One year, on Independence Day night, I believe I ended up within about 50 feet of one of our estranged daughters.
I chose to keep it from sending me into an emotional tailspin.
First, let me explain how this came to occur:
Our local Independence Day fireworks show was held that night. Renee and I have dear friends who live within walking distance of the celebration site, so as we sometimes do, we joined those friends (and a couple others) and started walking.
The thing is, our friends’ house is almost directly across the street from where that daughter was staying while she was back from college that summer. Before we’d commenced to the fireworks site, her car was visible. Furthermore, the blinds at the front of the house were open, and lights were on inside.
Now, I won’t claim that we have ironclad control over our thoughts and emotions. Maybe some people do. I have real-world tools that I teach to patients all the time. Still, I falter sometimes like anyone.
I knew without a word that my wife Renee was aware of the situation, though she was engaged in conversation with the other wives as we walked. Another close friend who’d joined us simply looked at the car, looked at me, smiled, and put his hands up beside his face to mimic wearing blinders. I had to chuckle. It was a meaningful gesture at exactly the right time. He knew the weight of the moment, and without drawing attention to it, chose to offer a little support. It was no cure, it was no solution… but it was support.
I glanced at the house and in an instant had a discussion with the part of me that wanted to ask questions, to wonder at the myriad possibilities of that moment in time:
Would I see her as we walked over? Would she see me? Would she be at the event? Would I see her on the way back?
And in that discussion, I reminded myself that allowing my thoughts to go there would come with a predictable, negative emotional outcome.
Read that part again.
I won’t claim it was easy, but I decided to look away, take a moment to be grateful for my friend’s gesture, and distract myself with the pleasure of our company.

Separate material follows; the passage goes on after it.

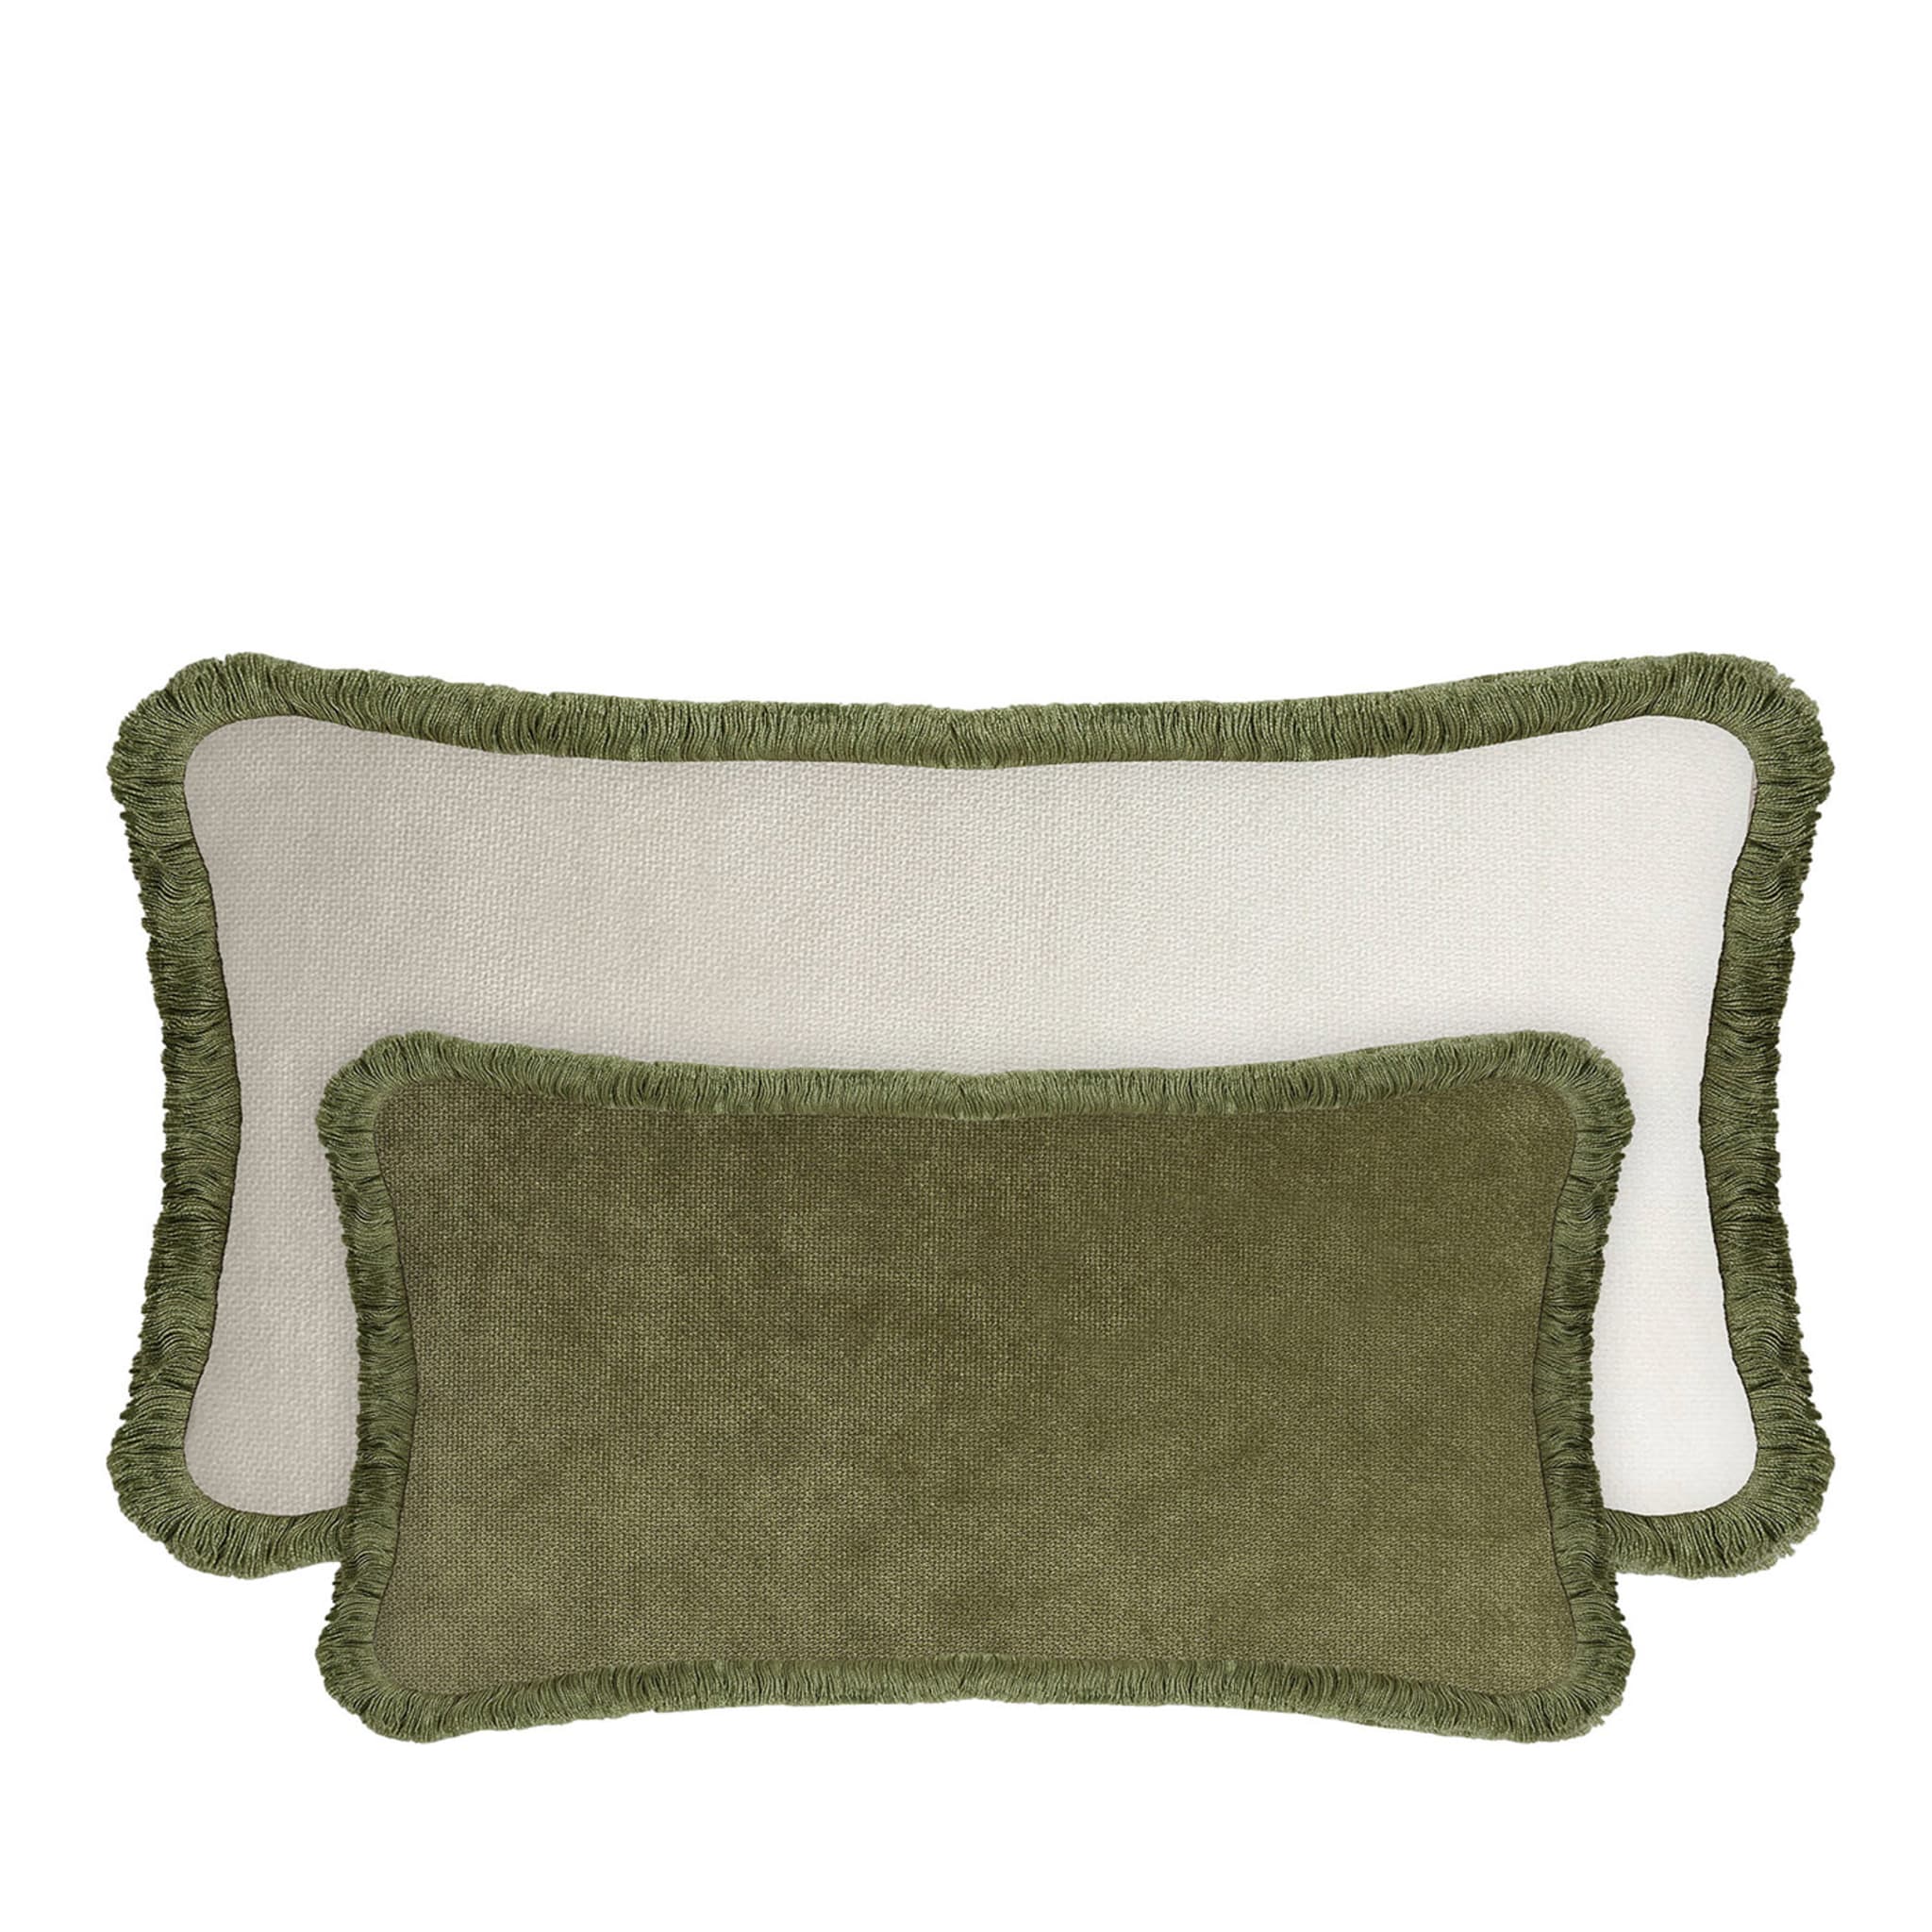 Cuscino Happy in velluto verde e bianco a forma di coppia rettangolare - Vista principale

It worked. Now, I’m not bulletproof. My heart hurt slightly but briefly.
I recognized the thoughts, stopped to analyze them, made a plan to change the thoughts to something else, distracted myself, and avoided being badly triggered. It’s fundamental Cognitive Behavioral Therapy. That time, it worked.
By the way, if our daughter was at the event, we did not see her. Renee checked in with me about the very things I’m sharing here. We did not dwell on it. We had a pleasant evening with some of our best friends, period. Yes, on the way back the illuminated nighttime interior of the house would have made seeing our daughter even easier. But I did the same thing I’d done earlier, with the additional benefit of reminding myself that I’d already succeeded in this situation and that I could therefore do so again.
Would that work every time? I know better than to make such a claim. But I also know that if I’d made no attempt to intervene in my own mind and instead indulged those urges, only bad outcomes awaited. I did not want to feel bad.
Time and time again in session, I point out to patients that their choices in a challenging scenario look as if they want to feel bad. This is where I usually joke that they can “throw a shoe at me if you want,” but no one ever has. And no one has ever denied they have a choice in the moment and simply don’t even try to avoid the path leading to negative emotions sometimes.